我有两个numpy数组a和b ,有两千万个元素(浮点数)。 如果这两个数组的组合元素相同,那么我们称之为重复,应该从两个数组中删除。 例如,
a = numpy.array([1,3,6,3,7,8,3,2,9,10,14,6]) b = numpy.array([2,4,15,4,7,9,2,2,0,11,4,15])从这两个数组中,我们有a[2]&b[2]与a[11]&b[11] ,然后我们将其称为重复元素,应将其删除。 与a[1]&b[1]与a[3]&b[3]虽然每个数组本身都有重复元素,但它们不会被视为重复元素。 所以我希望返回的数组是:
a = numpy.array([1,3,6,7,8,3,2,9,10,14]) b = numpy.array([2,4,15,7,9,2,2,0,11,4])任何人都有最聪明的方法来实现这种减少?

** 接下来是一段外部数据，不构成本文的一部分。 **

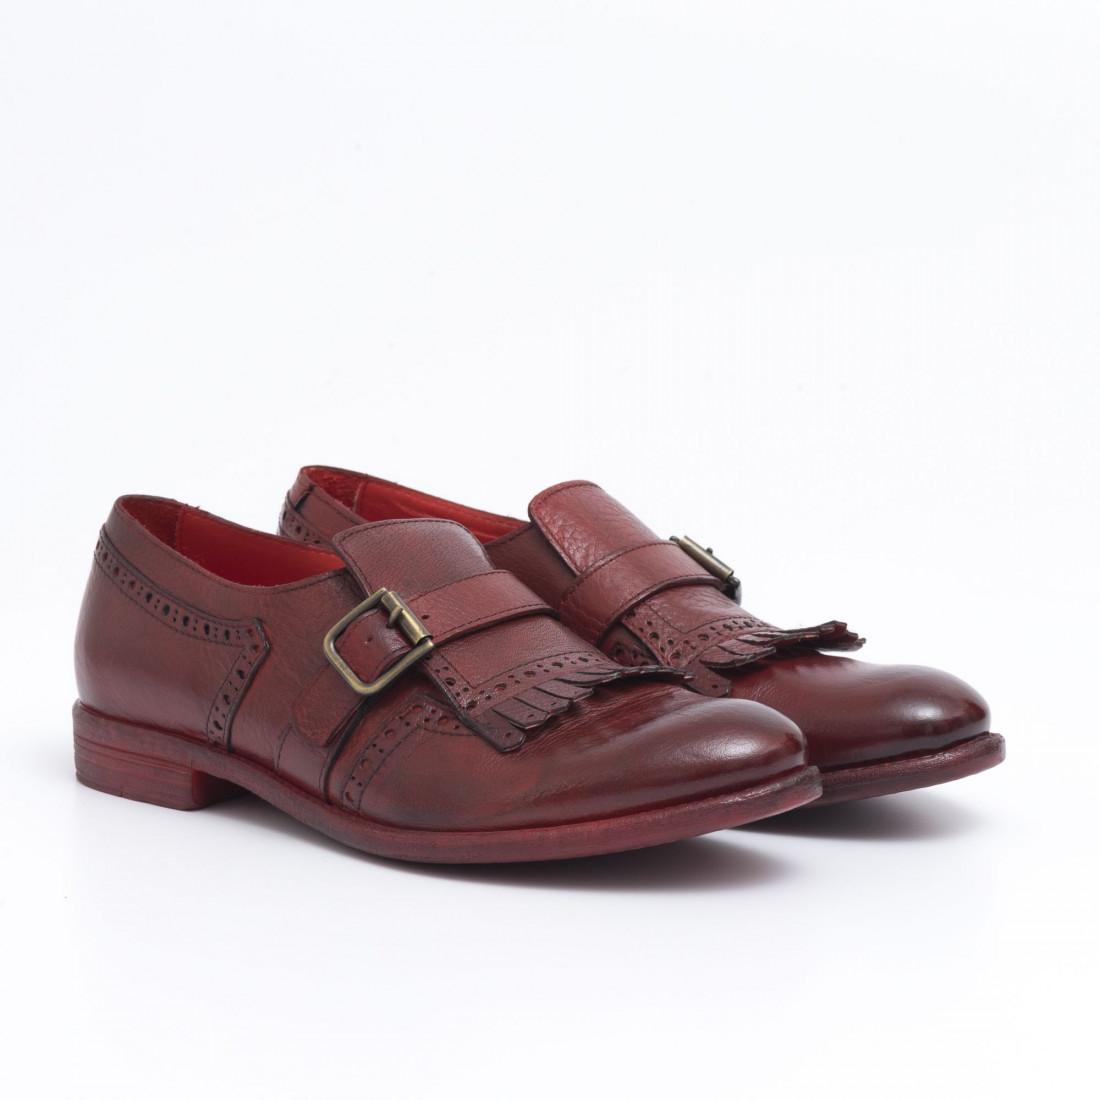 slip on woman hundred w246 08 bufalo rosso 485

I have two numpy arrays a and b, with twenty million elements (float number). If the combination elements of those two arrays are the same, then we call it duplicate, which should be remove from the two arrays. For instance,
a = numpy.array([1,3,6,3,7,8,3,2,9,10,14,6]) b = numpy.array([2,4,15,4,7,9,2,2,0,11,4,15])From those two arrays, we have a[2]&b[2] is the same as a[11]&b[11], then we call it duplicate element, which should be removed. The same as a[1]&b[1] vs a[3]&b[3]Although each array has duplicate elements itself, they are not treated as duplicate elements. So I want the returned arrays to be:
a = numpy.array([1,3,6,7,8,3,2,9,10,14]) b = numpy.array([2,4,15,7,9,2,2,0,11,4])Anyone has the cleverest way to implement such reduction?
最满意答案
首先,您必须打包a和b以识别重复项。 如果值是正整数(参见其他情况下的编辑),可以通过以下方式实现:
base=a.max()+1 c=a+base*b然后在c找到唯一值:
val,ind=np.unique(c,return_index=True)并检索a和b的关联值。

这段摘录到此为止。